Neste fim de semana, o próprio PT foi além: deu o que popularmente se diz “um chega p’ra lá” nas pretensões do PMDB. Segundo o jornal O Estado de S.Paulo, o partido quer um governo de maioria petista, com prerrogativa de indicar os ministros mais importantes, como os da Fazenda, Educação, Saúde e Casa Civil, além dos presidentes do Banco Central e das megaestatais Petrobrás e Petro-Sal. Quer ainda o comando da Câmara, para garantir um petista como segundo na linha sucessória do Planalto – o primeiro é o vice-presidente, que no caso da vitória de Dilma seria Michel Temer, do PMDB.

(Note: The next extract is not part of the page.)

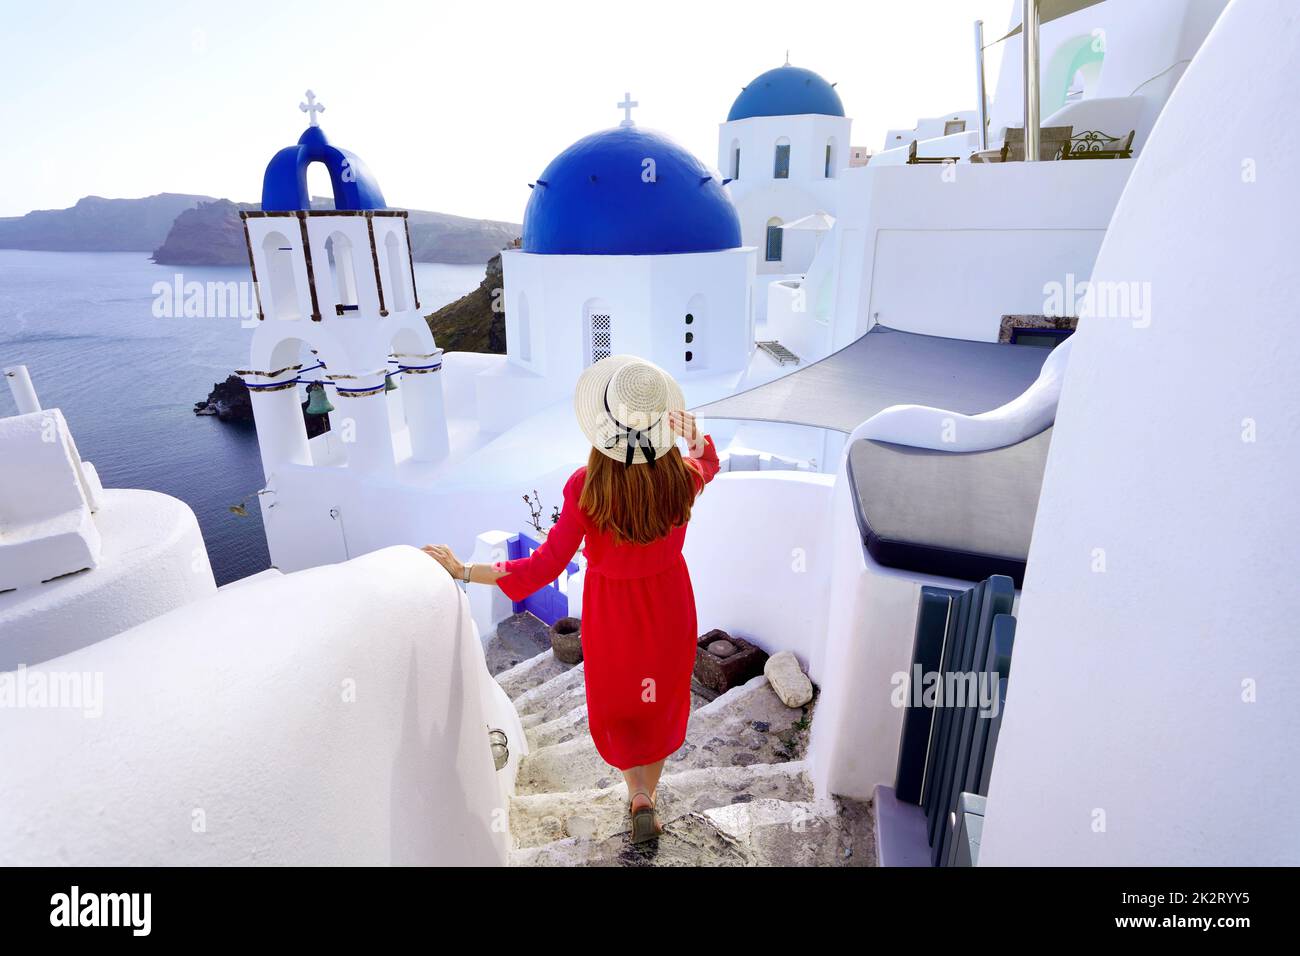 Turismo a Santorini. Giovane donna alla moda con vestito rosso e cappello scende lungo i gradini nel villaggio di Oia, sull'isola di Santorini. Turista di viaggio femminile per le sue vacanze in Grecia. Foto Stock
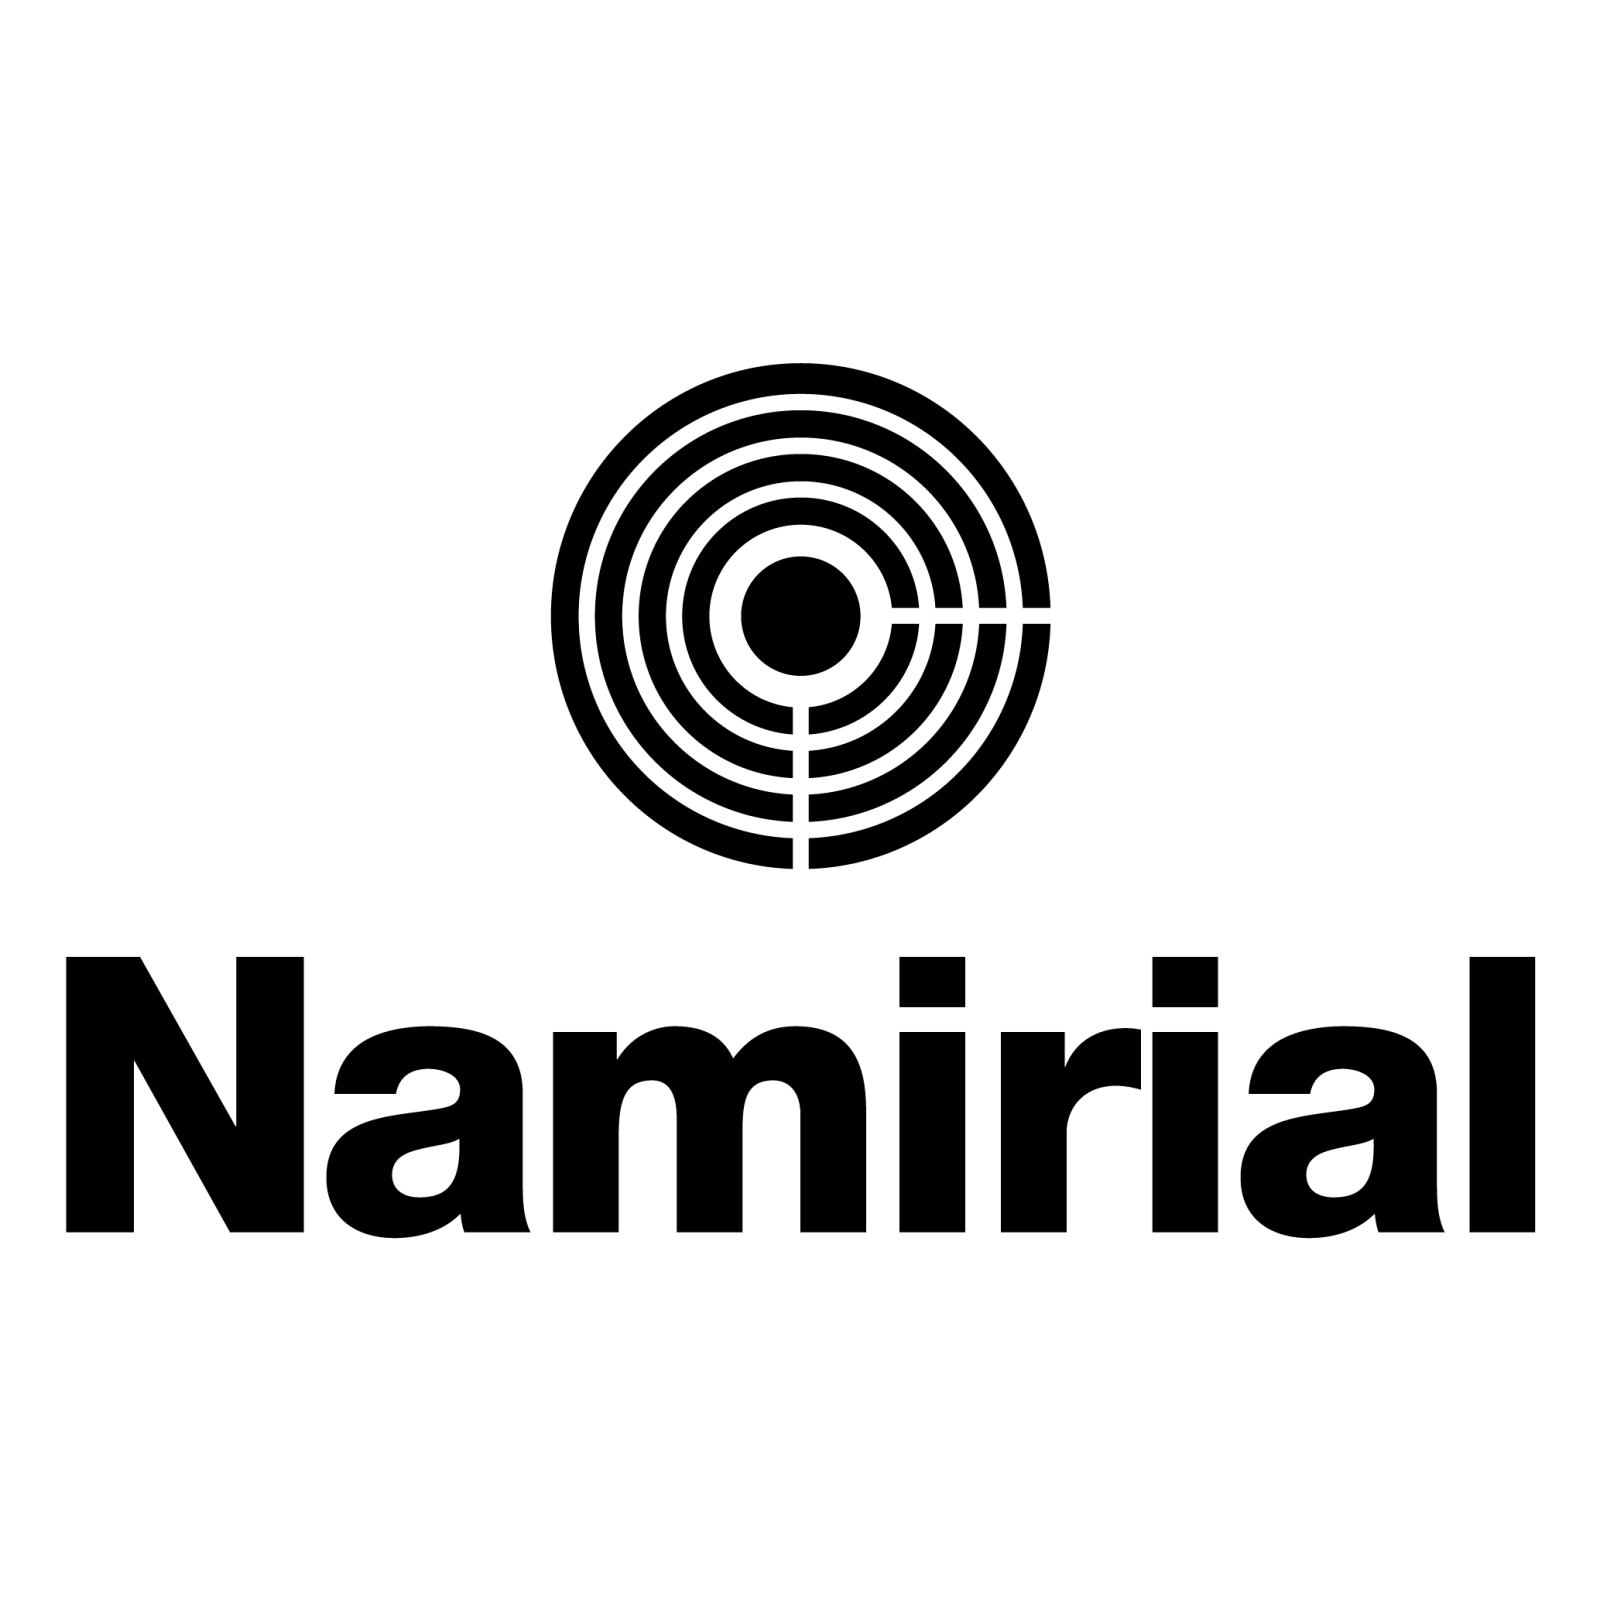 Logo Namirial spa

Parafraseando a conhecida pergunta atribuída a Garrincha, depois de ouvir a preleção do técnico sobre como jogar para derrotar a Seleção russa: o PT e o PMDB já combinaram isso com Lula e Dilma? Porque Lula escolheu Dilma e a impôs ao partido para continuar ele próprio governando. A candidata é Lula com o nome de Dilma. Seria o terceiro mandato, exercido por interposta pessoa. Portanto, as coisas não seriam bem como José Dirceu está pensando. A vitória seria mais uma vez de Lula e não do PT, não havendo nenhuma garantia de execução do programa partidário. Depois, de fato e de direito, Dilma é que seria a presidente da República. Ela é que assinaria as nomeações, ela é que passaria à História como governante do Brasil. Será que iria obedecer cegamente às ordens de Lula? Não haveria de querer montar o governo a seu modo? Será que não se rebelaria contra o criador, como sempre acontece? Uma coisa é Lula com o dito carisma, mas sobretudo rodeado de bajuladores e com a caneta e meios de sedução e coerção nas mãos, outra é Lula fora do poder, quando até o carisma costuma bater asas...

FICHA LIMPA
O Supremo Tribunal Federal estará bem à vontade para, esta semana, decidir se a Lei da Ficha Limpa vale ou não para estas eleições e se é aplicável a situações passadas. Há sólidos argumentos jurídicos tanto num sentido quanto no outro. O Supremo poderia então decidir pela imediata aplicação da Lei, porque assim estaria fazendo o que o povo quer. Mas qual o povo que quer a Ficha Limpa? Aqueles poucos milhões que assinaram o projeto de lei ou a imensa maioria que não está nem aí para a quebra de sigilos fiscais na Receita Federal nem para as denúncias de tráfico de influência na Casa Civil da Presidência da República?